Along similar lines to Quidditch is this sport introduced in the largely forgotten 1999 series, Batman Beyond. The story follows an elderly Bruce Wayne training and guiding teenager Terry McGinnis as the next generation of Batman in the year 2039.
A student at Hamilton Hill High, Terry contends with numerous sci-fi threats in his sophisticated batsuit, from robots to shapeshifters to genetically modified gangs. But in the episode "The Winning Edge," a plotline about futuristic steroids introduces us to a school sport that is never really named. That said, it's basically lacrosse played in a zero-gravity tube, with players flying around, smashing into each other, and flinging the ball at high speeds.
It's a straightforward concept, but it looks so fun that it's basically the only part of the show we really remember...
Pai Sho — "Avatar: the Last Airbender"
Pai Sho is the board game favored by Uncle Iroh in Avatar: The Last Airbender. It involves arranging decorative tiles in a pattern on a grid, and generally involves some gambling. Apart from brewing and sipping tea, the game is Uncle Iroh's favorite pastime, and he uses it to win money off of various other characters.
The game is such an iconic part of the show that fans have turned it into a real game, but unless there's a specific game strategy that works as a password for a secret organization devoted to saving the world...it's just not as much fun.
Pro Bending — "Avatar: The Legend of Korra"

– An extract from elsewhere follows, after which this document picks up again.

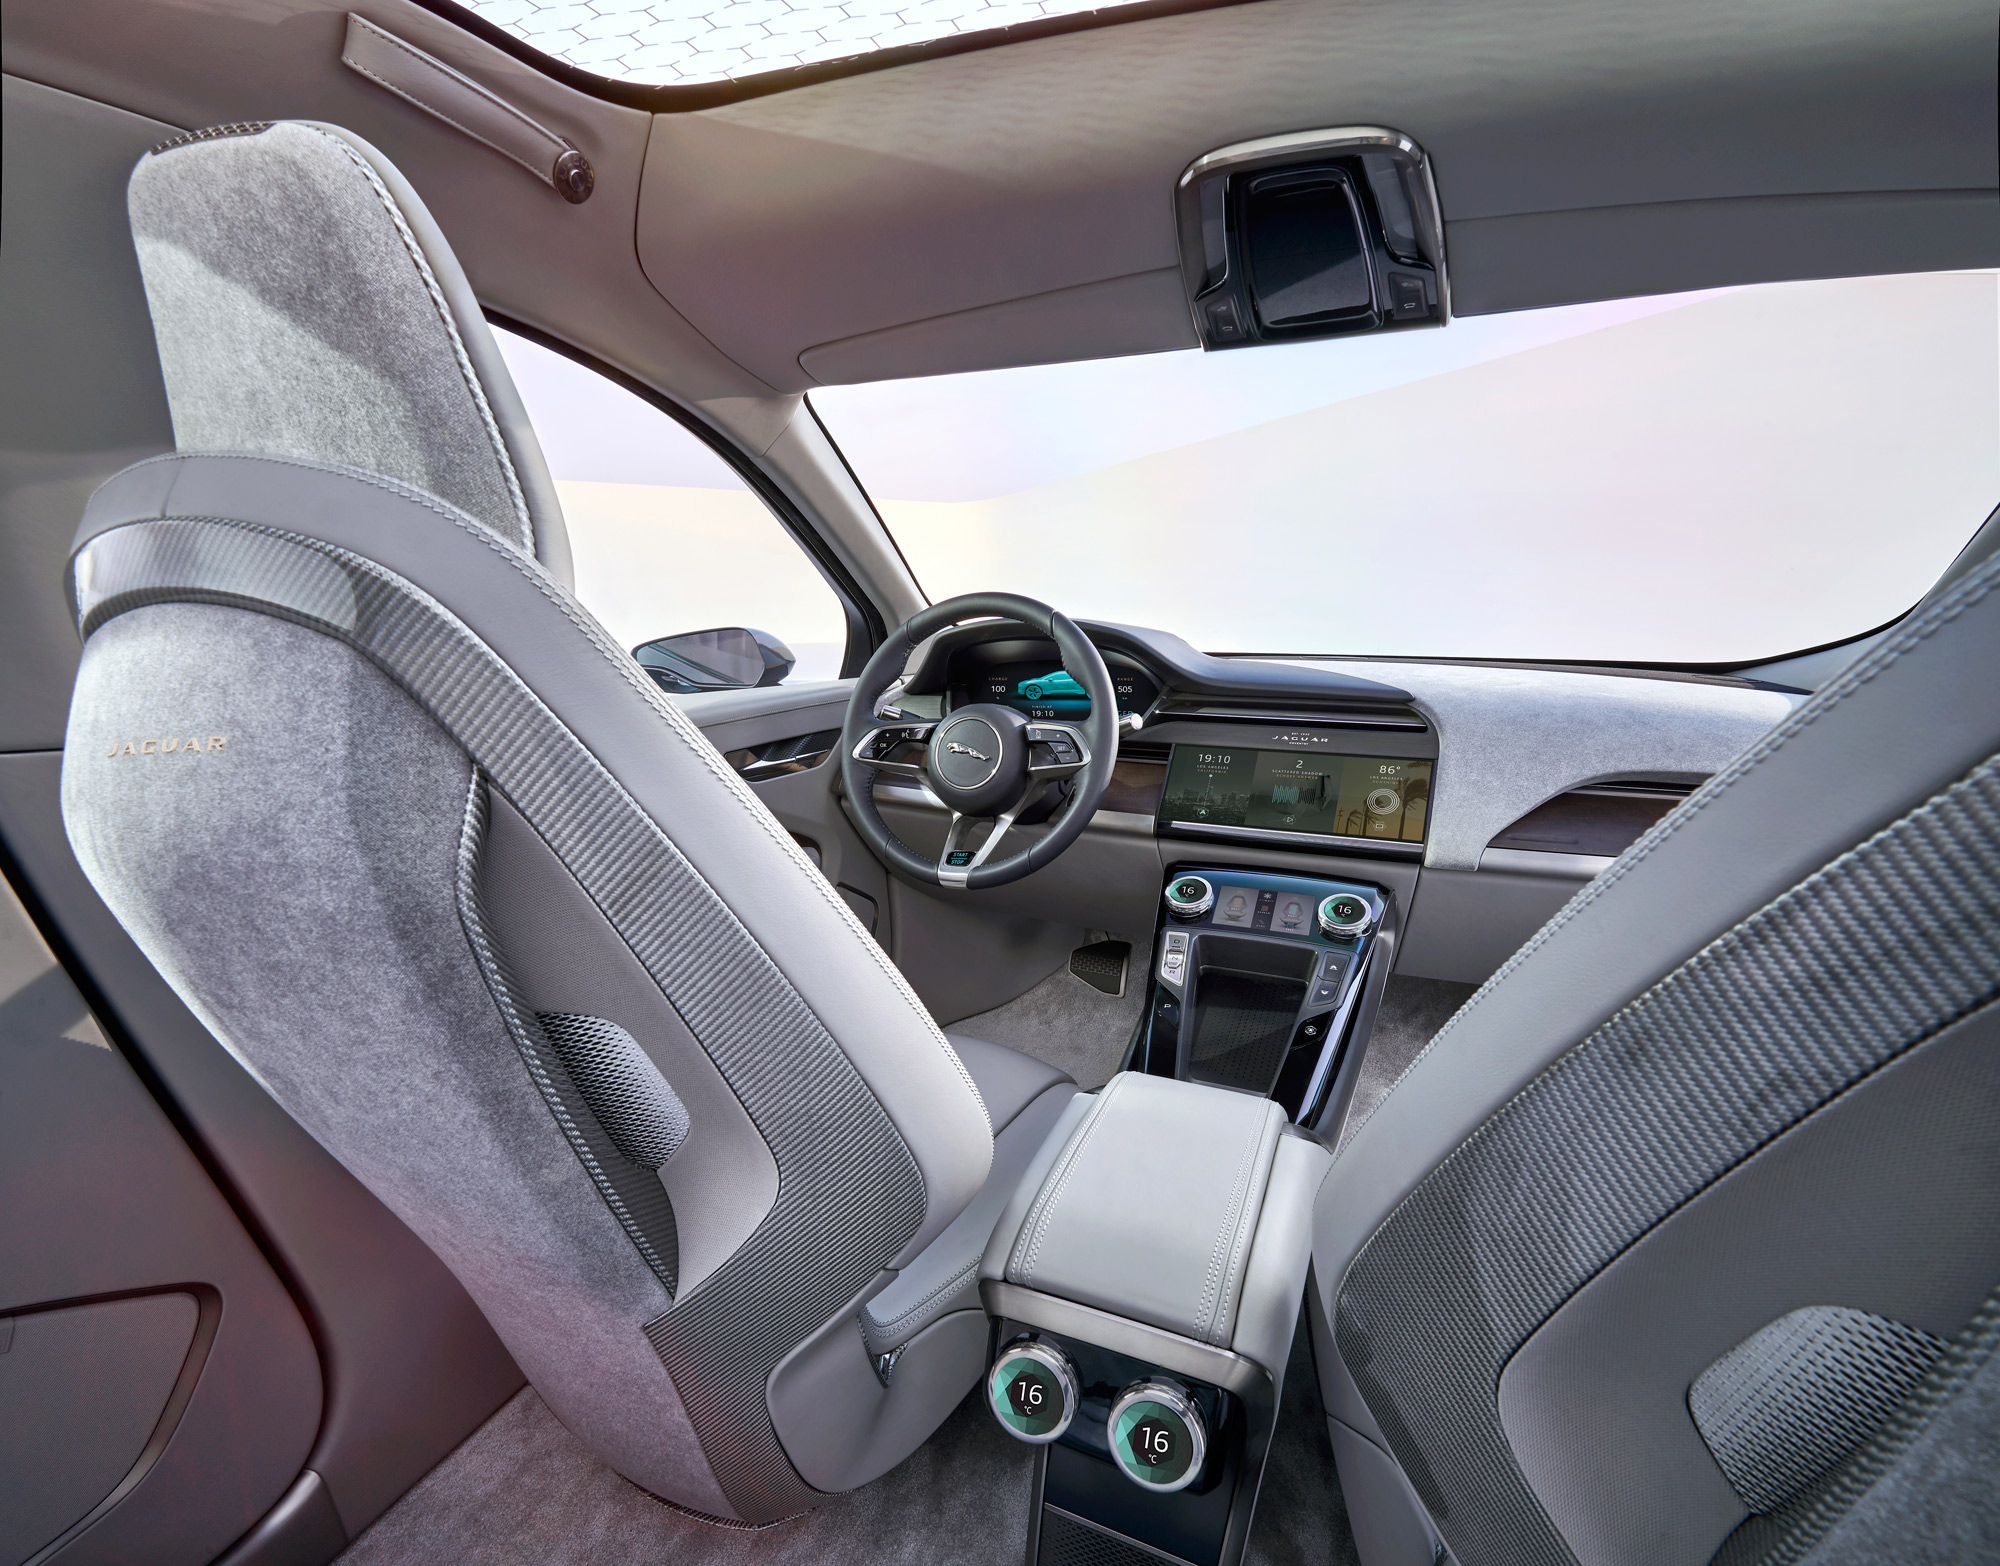 Jaguar I-PACE Concept interior

Another game from the Avatar universe, pro bending plays a major part in The Legend of Korra. It's a super-powered blend of blend of dodgeball and sumo, with teams using elemental magic to hurl stones, water, and fire at one another.
The goal is to take control of the court by knocking the other team back into different zones of play — and ultimately knocking them off the edge of the court, into the surrounding water. The citizens of Republic city are pretty much obsessed with pro bending, and we don't blame them — it looks incredibly fun.
The Battle Room Game — "Ender's Game"
Ender's Game is the story of child soldiers being trained to defeat a highly sophisticated and coordinated alien military in space battles. The titular game involves a training video game that turns out to have much higher stakes than the players realize.
But before Ender Wiggin and his friends get to that point, they must get through the rigors of Battle School — the most dramatic of which are the Battle Room games. Designed to teach the kids how to strategize in 3D space, the battle rooms are massive zero-gravity environments full of floating "stars" they can use for cover in highly competitive games of laser tag — with the added feature that once you're hit, your suit freezes you in place.
While this is the third game on this list that might just be a reflection of wishing we could fly, the addition of paralysis suits to laser tag is a pretty fun/terrifying concept all on its own.